Land rates drive Nairobi revenue to Sh3.4b in Q1
By John Otini, April 6, 2023
Revenue collected in Nairobi County increased by 16.4 per cent for the period between January and March 2023 to hit Sh3.44 billion signalling that changes in strategy has started to bear fruits.
The improved revenue performance was driven by several factors, including a significant rise in land rates which increased by 34.1 per cent year-on-year to Sh1.88 billion. The increase in land rates collection can be attributed to the joint mapping of properties with the Kenya Revenue Authority (KRA).
“The joint mapping exercise was aimed at identifying and documenting all properties within Nairobi County’s jurisdiction, which has resulted in increased accuracy in billing and collection of land rates,” City Hall said.
It added that the exercise has also helped in the identification of new properties that were not previously captured in the county’s revenue collection system.
Latest figures released by the County government shows that in addition to the increase in land rates collection, Nairobi County’s single business permit collections also increased significantly by 16.2 per cent to Sh942.7 million during the same period. The County government attributed the increase in single business permit collections to its efforts to simplify the application process and reduce bureaucratic hurdles faced by businesses.
Parking collections
Furthermore, parking collections in Nairobi County increased by 8.7 per cent to Sh619.9 million, reflecting a growth in the number of vehicles parked in the city’s central business district.
The increase in parking collections can also be attributed to the County government’s efforts to improve the parking system by introducing new technology and streamlining the payment process.
The County government has also acknowledged that the increased revenue collection will help in the implementation of key projects aimed at improving the lives of Nairobi residents.
Some of these projects include the rehabilitation of key roads and infrastructure, the provision of affordable housing, and the expansion of public transport services.

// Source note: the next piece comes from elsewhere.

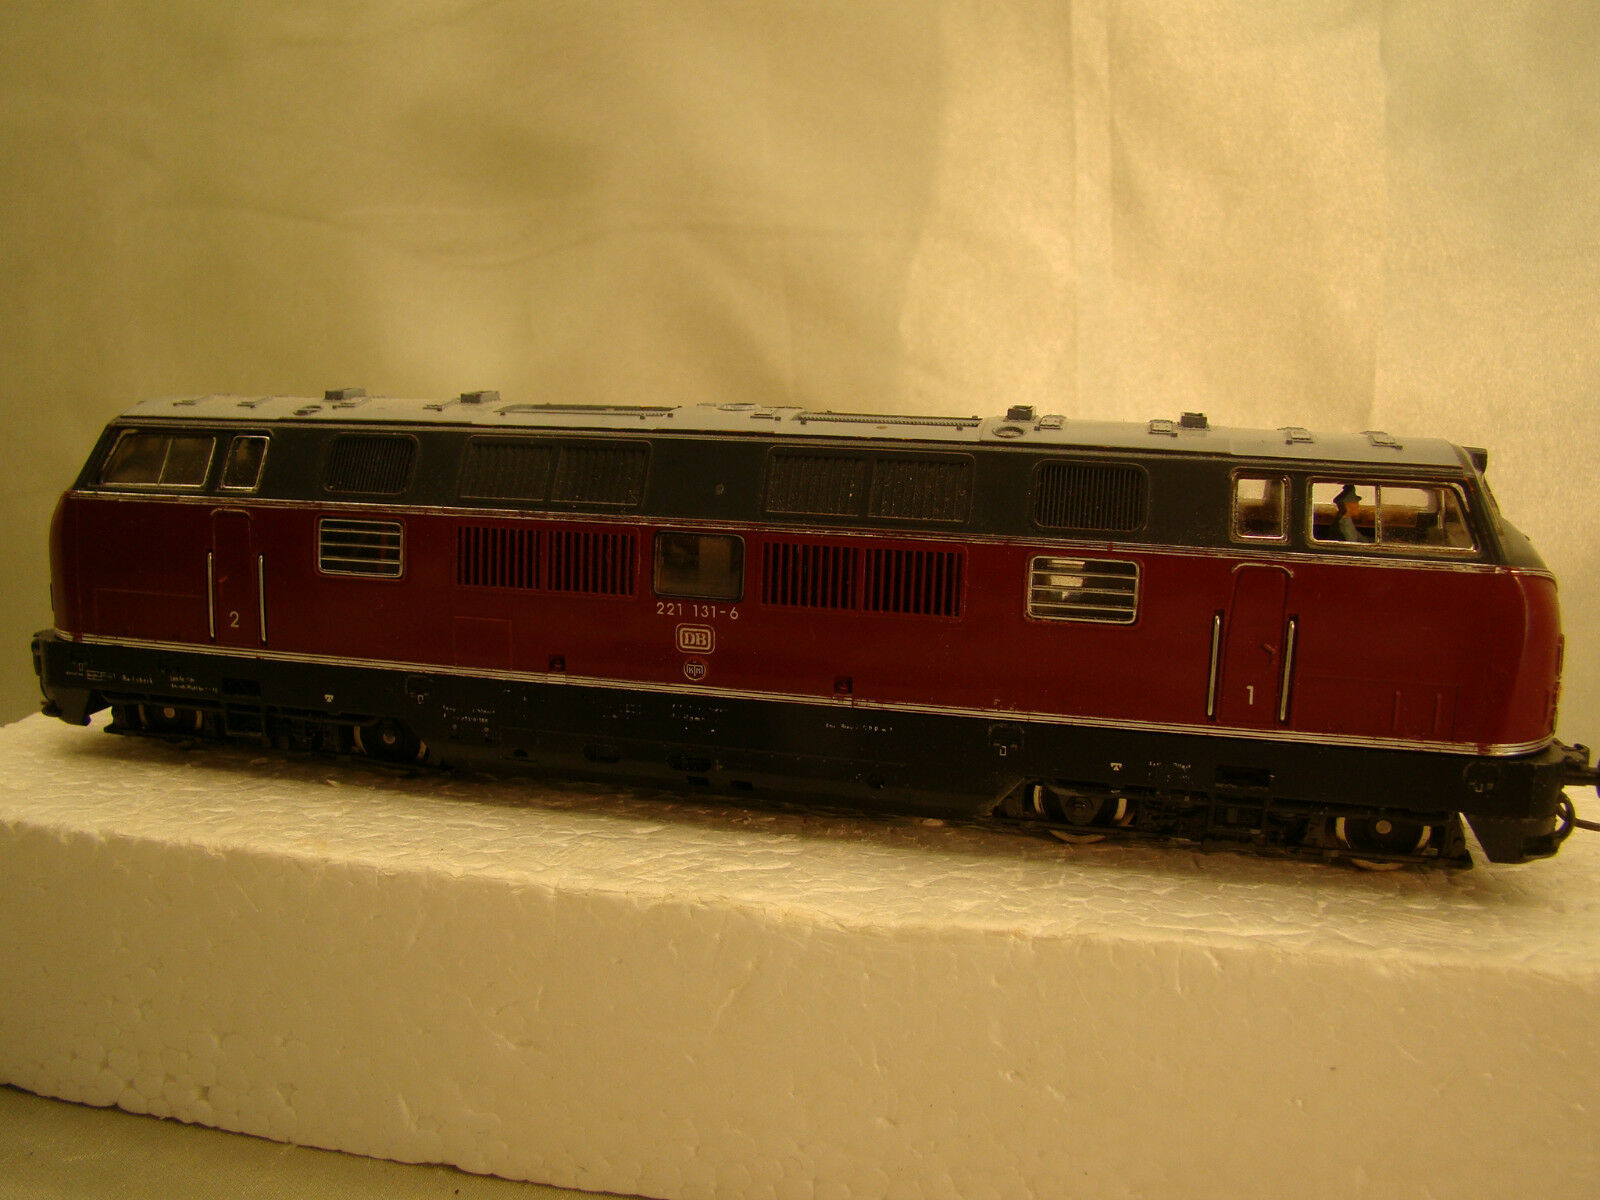 Fleischmann TEE Diesel Engine - beautiful model - completely serviced - HO scale

The improved revenue collection performance is a positive sign for Nairobi County, which has been grappling with a revenue collection shortfall in recent years. In 2021, the County government recorded a revenue collection deficit of Sh8.4 billion, which was attributed to the impact of the Covid-19 pandemic on businesses and the economy at large.
The improved revenue collection figures for the first quarter of 2023 are a promising sign for the County government, which has set an ambitious revenue collection target of Sh23 billion for the fiscal year 2023/2024.
City Hall expects the increased revenue to provide the county government with the resources needed to implement key projects aimed at improving the lives of Nairobi residents, while also ensuring efficient and effective service delivery.
Own-source revenue
Nairobi has for years grappled with weak revenue collection systems and corrupt officials who continue to deny the country millions of shillings in daily revenue, undermining efforts to boost own-source revenue.
City Hall and Safaricom last month inked a two-year deal for the telco to offer a payment platform for Nairobi County services in a move set to lower pilferages in collecting taxes and levies.
The telco said it will develop the “My Nairobi App” for City Hall for free, allowing residents and businesses to pay parking fees, business permits, rents and food and health certificates digitally.